Я чувствовал, что голос мой звучит убедительно и твердо. Но я не придавал своим словам серьезного значения. Мне важно было только остаться на высоте положения — сохранить превосходство над Луканом. Как будто я отплачивал ему за его доброжелательную снисходительность и покровительство, мы с ним внезапно поменялись ролями.
Мои слова и тон, какими они были произнесены, оказали свое действие. Он успокоился и вздохнул.

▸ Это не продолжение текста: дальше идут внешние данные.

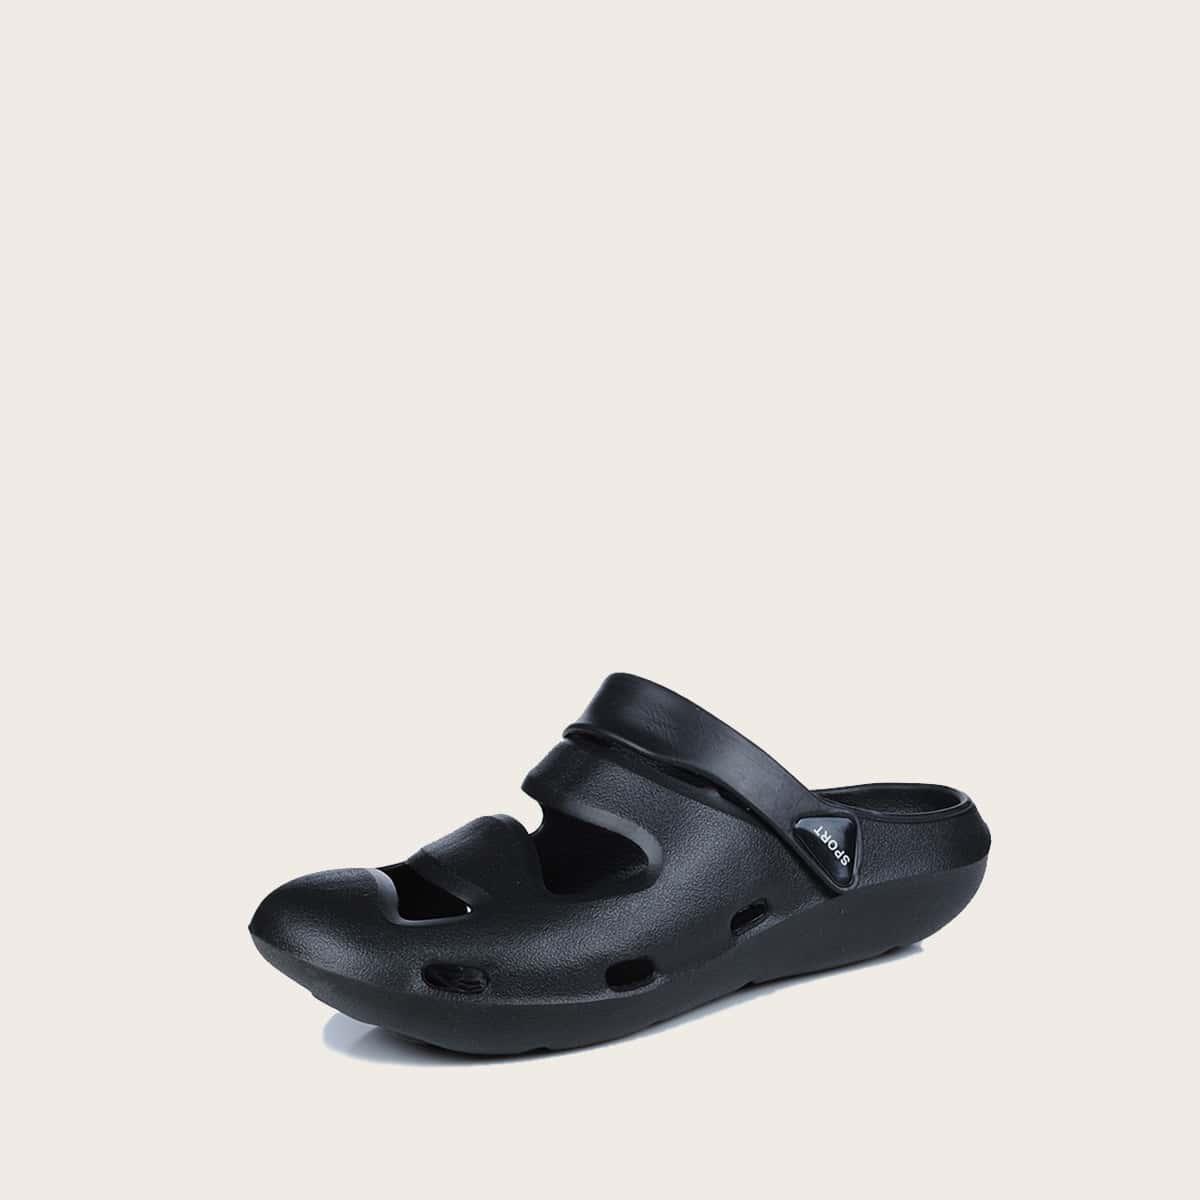 Heren uitgesneden sandalen met brede pasvorm
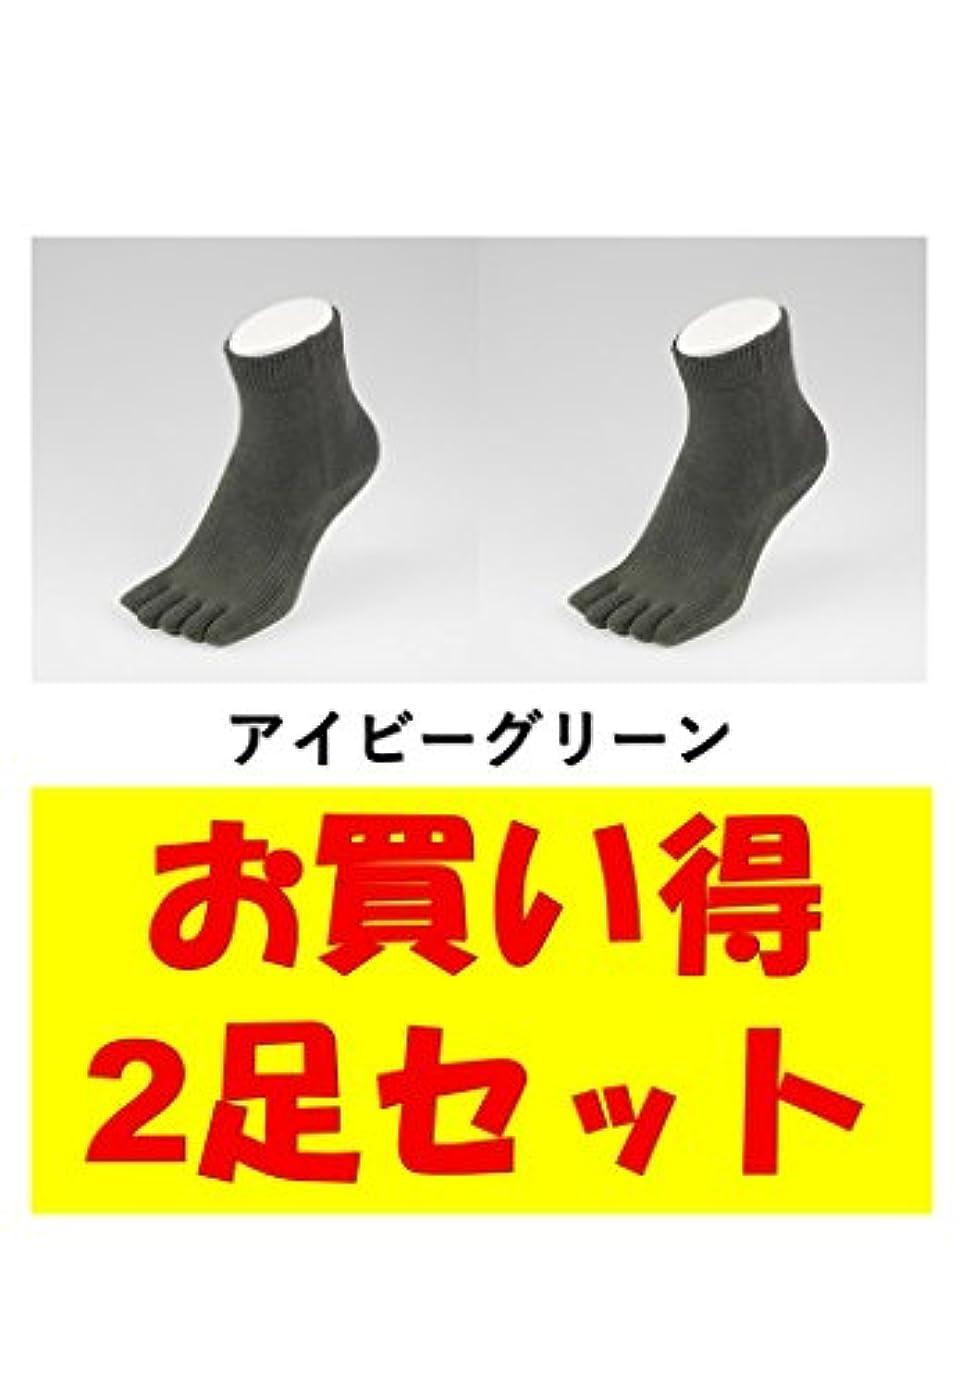 拍車古代クライアントお買い得2足セット 5本指 ゆびのばソックス Neo EVE(イヴ) アイビーグリーン Sサイズ(21.0cm - 24.0cm) YSNEVE-IGR

— Но ты еще так молод, друг мой.
— Всего только на год моложе тебя.
— Нет, на много лет. Моложе на целый мир. — Он снова вздрогнул.
— В таком случае я предлагаю тебе эту молодость, этот мир.
Я убедился, что одержал верх и вышел победителем. На что я себя обрекал, не имело для меня в это время никакого значения. Я был озабочен только своими отношениями с Луканом. Но вот он заговорил спокойно, почти весело:
— Ты просил меня показать последние главы «Фарсалии». Теперь я тебе прочту их. Пойдем.
Мы расположились в комнате, где на стенах были изображены морские пейзажи и морские чудовища.
— Здесь нам никто не помешает.
Два ложа, инкрустированные перламутром. Огромная раковина из Индийского океана. Лукан хлопнул в ладоши и велел принести легкого суррентского вина, а библиотекаря послал за рукописью, хранившейся в запертом шкафу.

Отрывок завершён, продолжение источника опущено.